# Tank Emergency



## syddriver (Sep 27, 2010)

I have a 60 gallon tank that has been set up since Jan. 1. I set it up with gravel and rocks from another one of my tanks. It cycled perfectly and I had a clown loach, pictus catfish, parrot, 2 angels and 4 rainbows. I noticed my parrot acting very lethargic and the angels were hanging at the top. I thought maybe I didn't have enough air so I put in an large airstone. I also have a 36 inch bubble wand in the back. Two days ago I lost the loach and the catfish. The angels seem to be doing much better but then last night one of the rainbows died! I have tested the water so much my husband is ready to commit me! The fish do not have any outward signs of disease just lethargic and then they die! Please help!!


----------



## mk4gti (Jun 15, 2010)

Ummm test the water wtih a liquid test kit, you could have high levels of all that is toxic to your fish.


----------



## syddriver (Sep 27, 2010)

I did that and all the water is perfect!


----------



## mk4gti (Jun 15, 2010)

how often do you do water changes?


----------



## syddriver (Sep 27, 2010)

I change 25% every week. I am religious about it. That is why I am so confused about what is going on! I use Prime when I change the water. I feed every 2 days.


----------



## jrman83 (Jul 9, 2010)

Your reading for ammonia and nitrite were zero? What was your reading for nitrates?


----------



## syddriver (Sep 27, 2010)

I can't remember what number it was. Ammonia 0 Nitrates 0 for sure. The Nitrites were nominal.


----------



## syddriver (Sep 27, 2010)

Nitrates nominal. Sorry!


----------



## rtbob (Jul 18, 2010)

First off I'm sorry for your losses.

What is the temp of your water?

What filter(s) are you using.

You set the tank up on Jan 01. You used some gravel and rocks from an established tank.

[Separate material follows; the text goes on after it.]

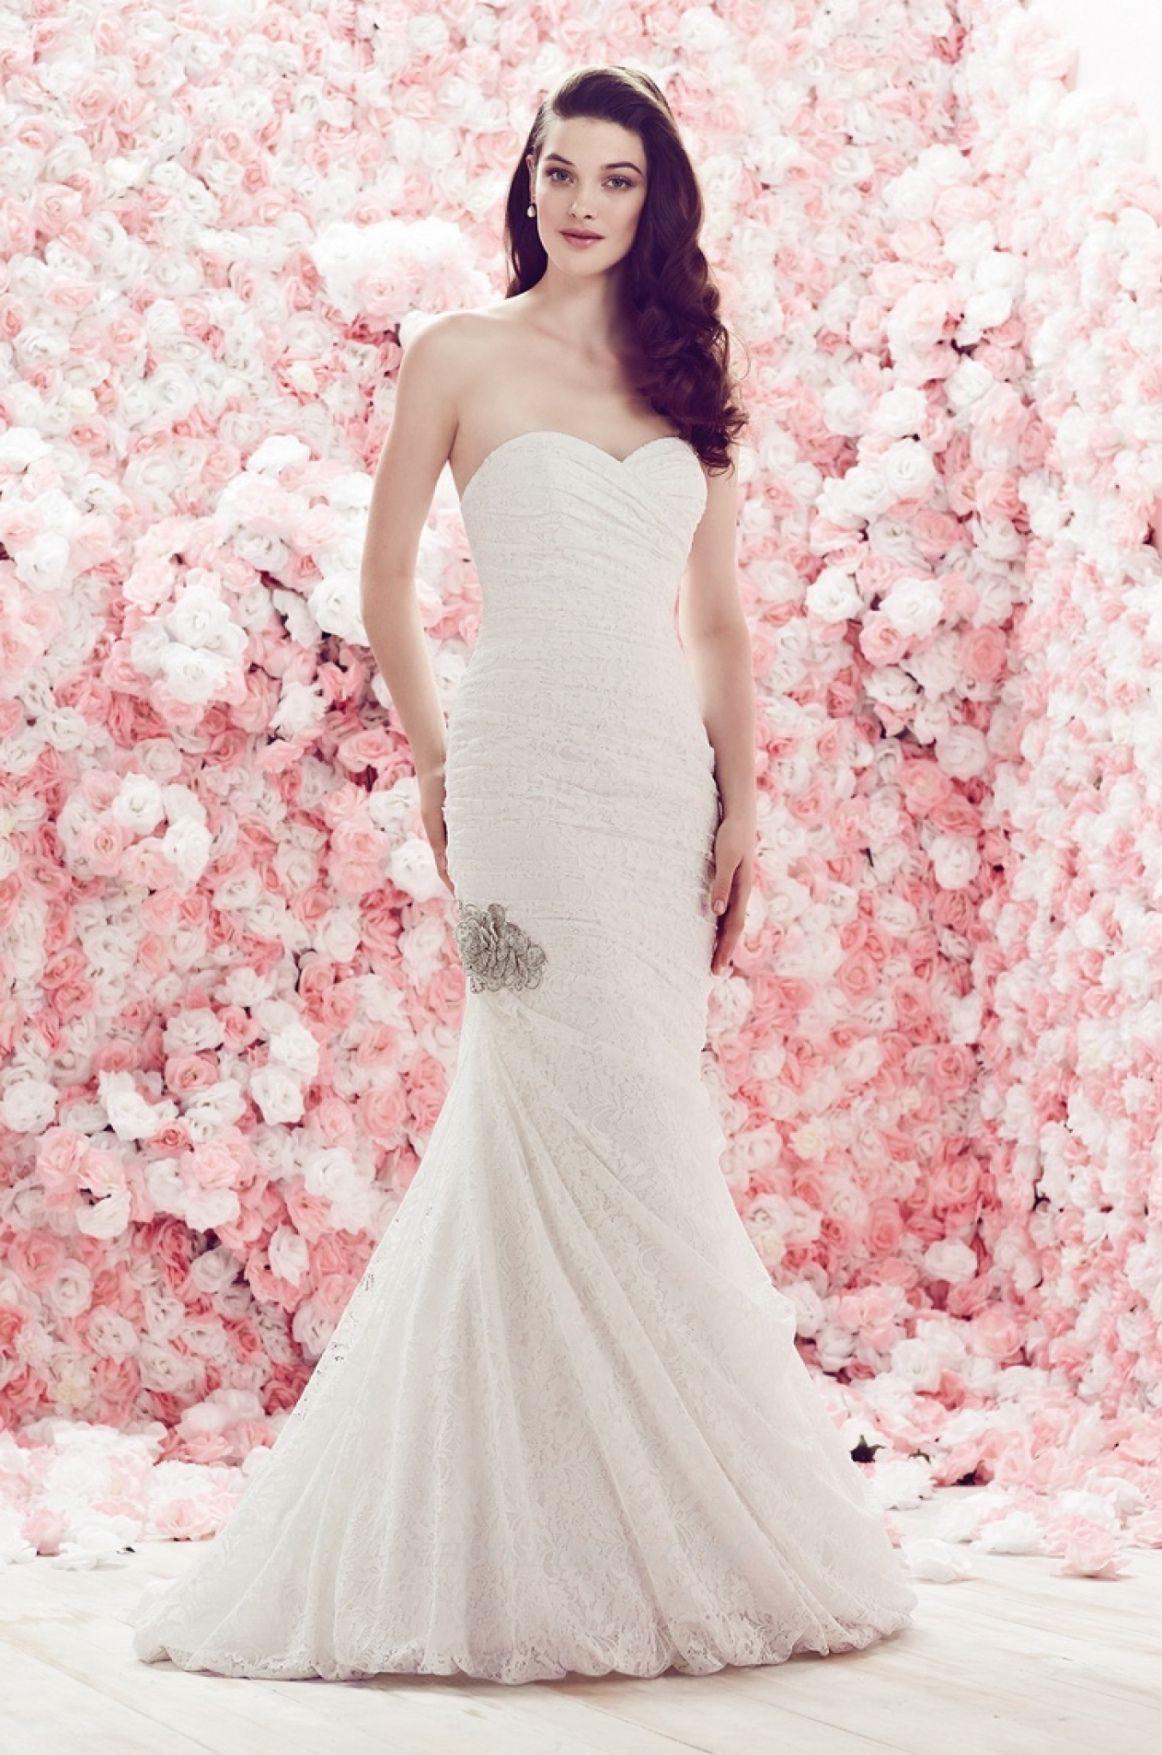 Carmen fashion raleigh nc 69

When did you add fish? Did you add them all at once? The gravel and rocks would help speed up the cycle some. 

When doing your water changes do you use a siphon type with a attached gravel cleaner? 

Do you siphon the water into a bucket and replace the water by filling the bucket with clean water adding prime as it is filling then pouring the water back into the tank?

Or do you use a python type system and drain/fill directly from a sink treating the entire volume of the tank with prime as it is filling?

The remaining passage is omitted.